JMA issued the Observation Report #4 on Satsuma-Iwojima volcano on 23 July 2001. A continuous volcanic tremor event had occurred since 20 July at this volcano. The JMA seismometer installed about 700 m SW of Iwo-dake had caught small volcanic earthquakes since January in 2000. The daily number ranges from 50 to 110. Small volcanic tremor events were sometimes observed. According to the Iwo-jima Branch of the Mishima Village Office, ash fall was observed during 19 to 21 July, following the 9 April, 15 and 29 May, and 12 June events. The white plume was rising as low as 20 m above the crater.
The daily number of earthquakes ranged from 30 to 90 during the period from December 2000 to March 2001. Small volcanic tremors had been observed since December. Faint ash falling was often observed.

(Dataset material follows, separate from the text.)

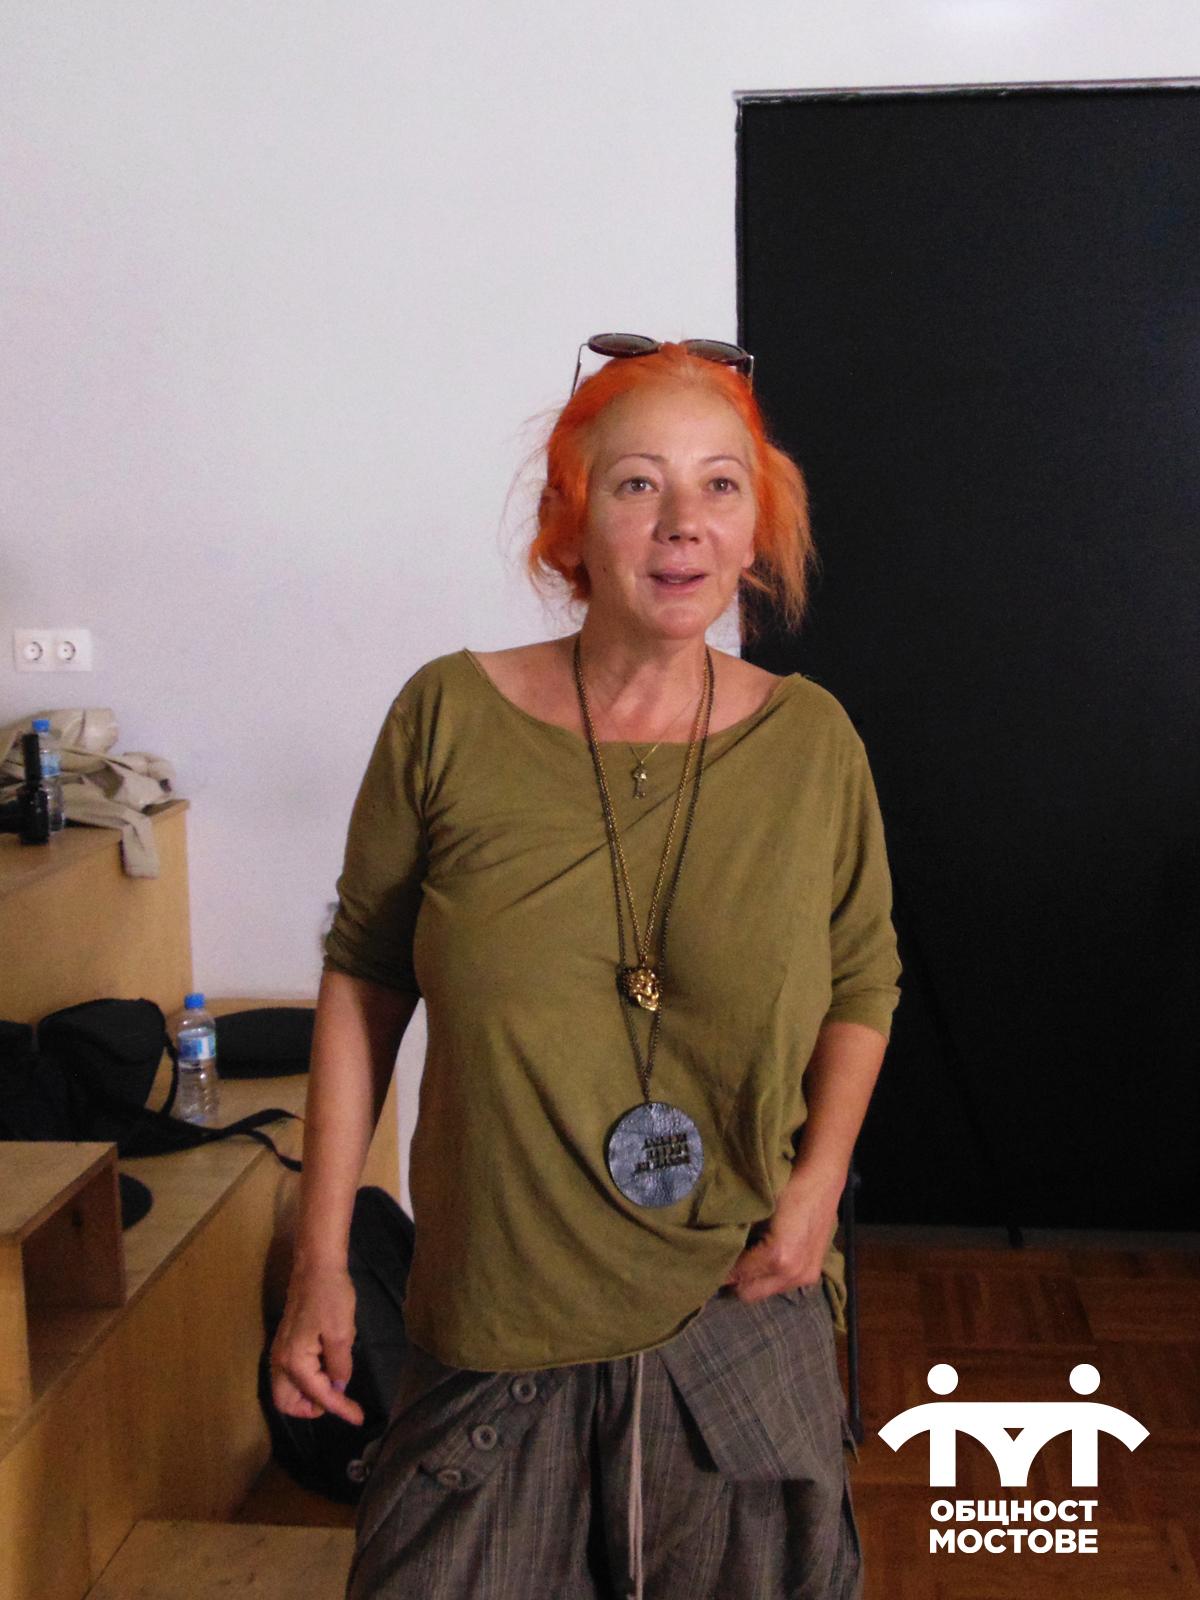 Част от снимачния ден. Аделина Банакиева, част от екипа на сдружение Общност Мостове.

Information: JMA_Fukuoka, Naokuni Uchida:

JMA started the seismic observation in September 1997, and had observed several volcanic earthquakes a day. The number of the earthquakes increased suddenly in April 1998, ranging from 60 to 80 per day, sometimes over 100 per day. Although the daily number decreased once to less than 20 in June 1998, it increased again between 20 and 40 in September, and more than 60 in the late-1998. In May 4-5, 1998, JMA staffs found newly-deposited ash layer as thick as 5 cm around the crater, suggesting eruption in end-April or early-May. Geological Survey of Japan analyzed the ash and concluded that the ash is composed mainly of silicic and altered lava fragments of the Iwodake lava (rhyolite). Local people in this volcanic island witnessed ash falling in August and October 1998. Scientists of Geological Survey of Japan also witnessed volcanic ash intermittently emitted from the crater and found ash deposits in the southeastern middle-flank of the volcano in early-November 1998. JMA issued nine observation reports on this volcano in 1998.

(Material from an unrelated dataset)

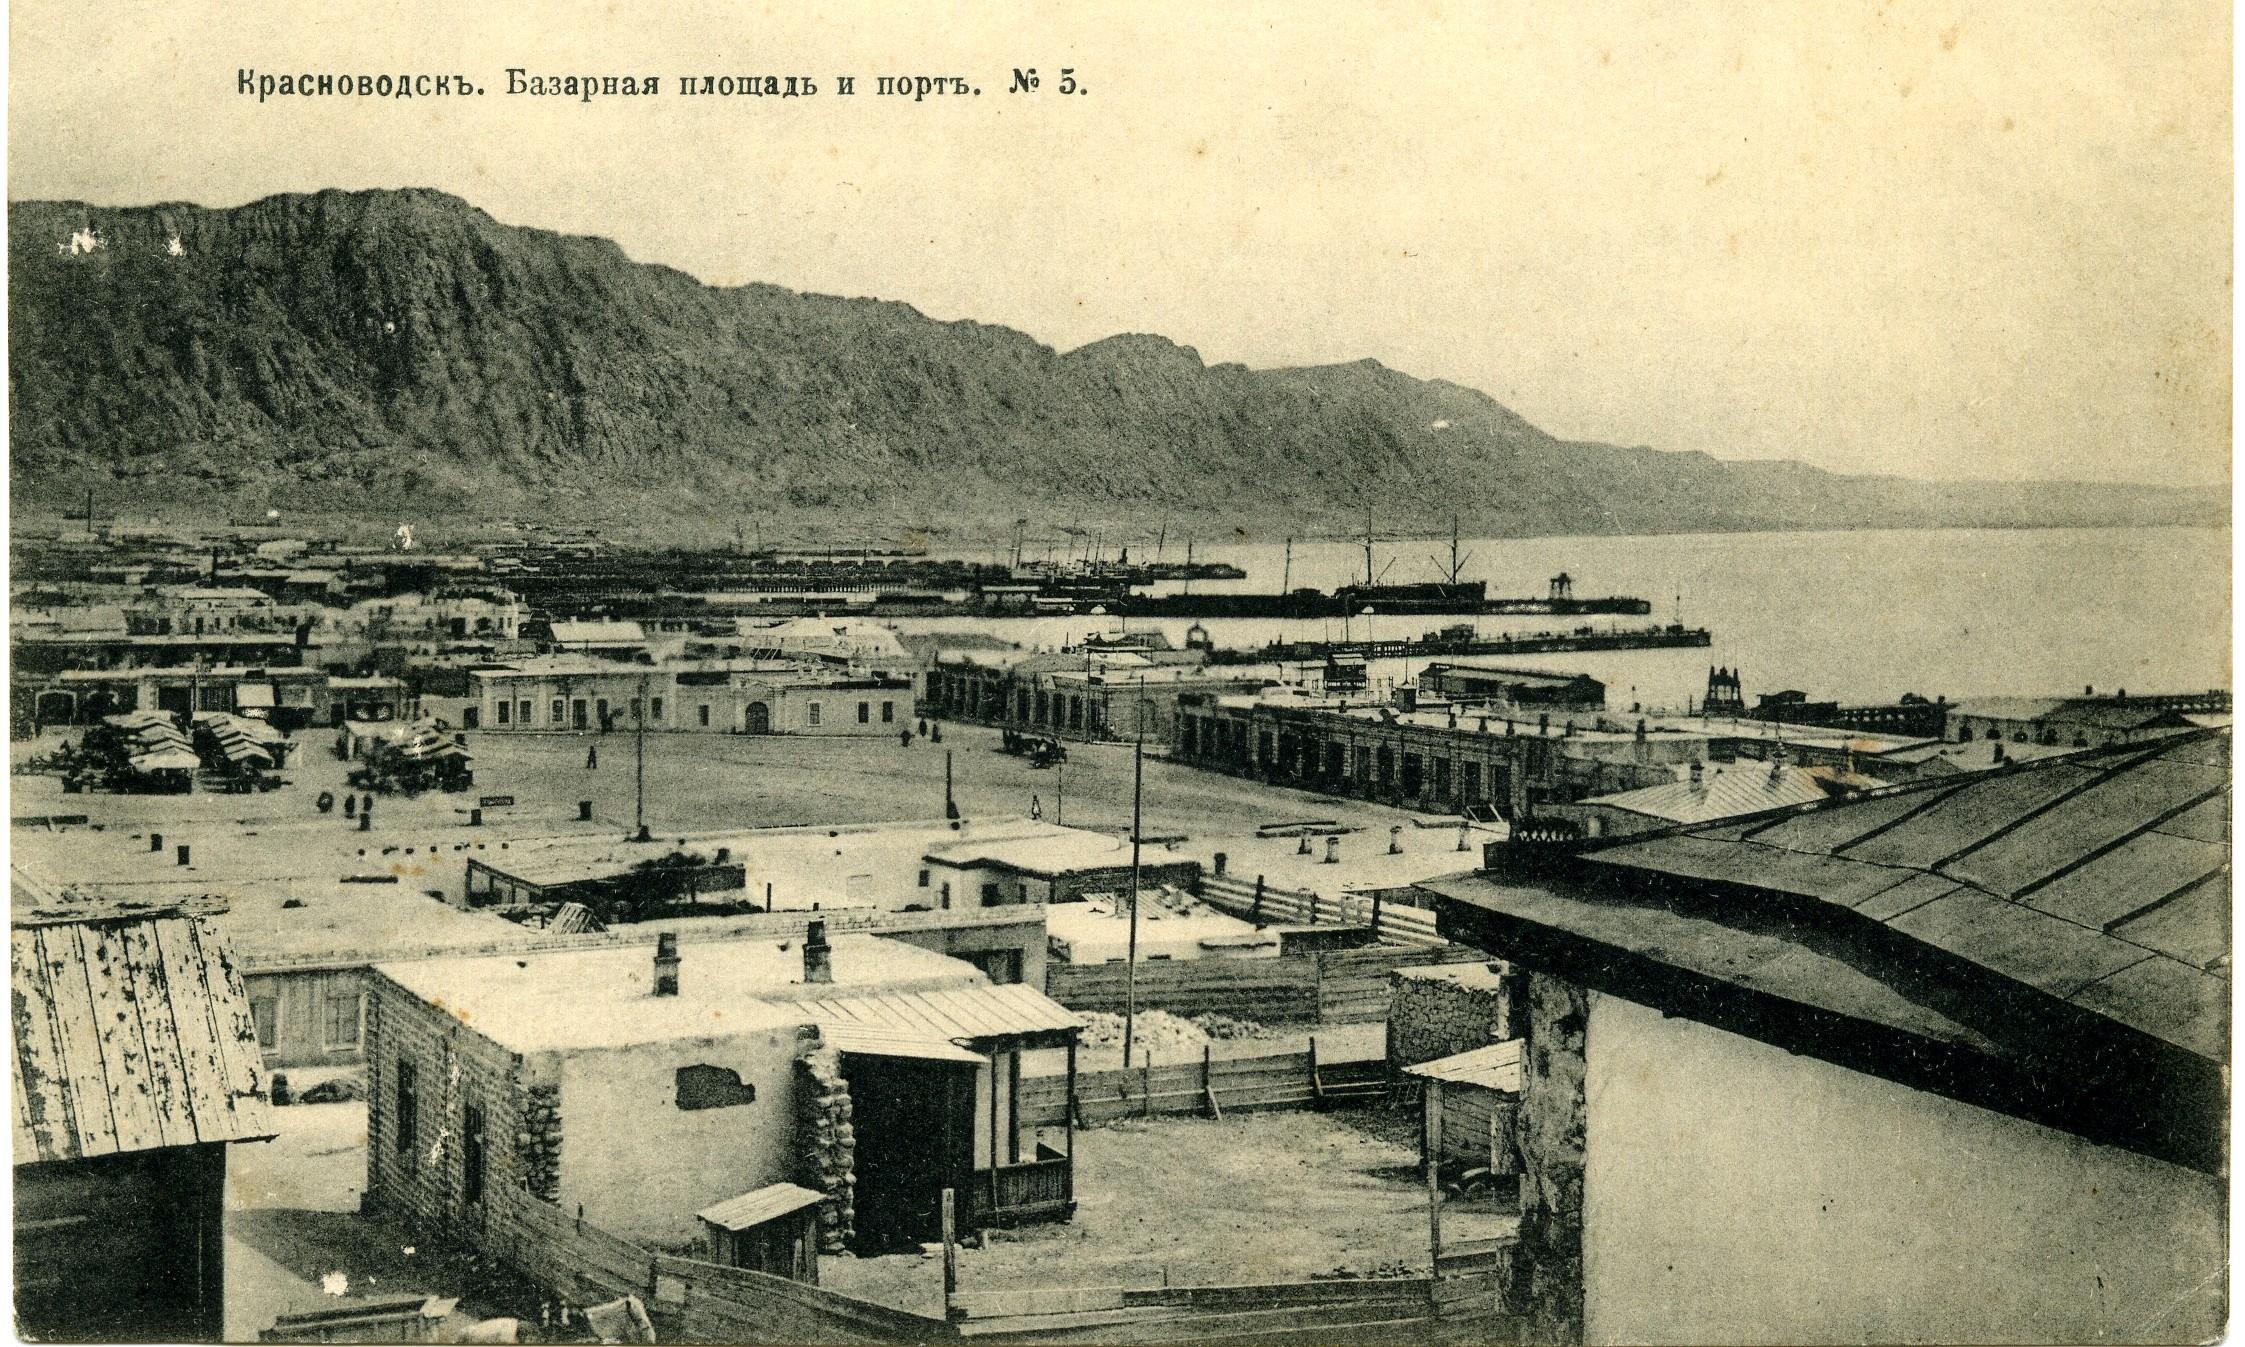 Базарная площадь и порт

Volcanic earthquakes occurred 50 to 100 times per day in January and February 1999, and 90 to 130 times a day after February. The hypocenters of the earthquakes locate just below the Iwodake. Local people observed ash falling on January 24 and February 14 1999. JMA issued 5 observation reports this year (as of May 10).

Satsuma-Iwojima is the volcano island with the dimension of 6 km east-west and 3 km south-north, which rims the Kikai Caldera (formed 6.3 ka, 23x16 km) together with Takeshima island. The main peak, Iwodake, is a rhyolite lava dome (704 m above the sea) with a strong activity of solfatara. Composition of rocks of Satsuma-Iwojima Volcano is bimodal in SiO2 (69-72% and 51-54%). The 1934-35 eruption occurred on the sea floor 2 km east of the volcano, and formed a new island, Iwojima-shinto (Showa-Iwojima). Iwodake smoked in 1936 and 1988. The activity is monitored geophysically by Sakurajima Volcano Observatory, Kyoto University, and JMA, and geochemically by Geological Survey of Japan.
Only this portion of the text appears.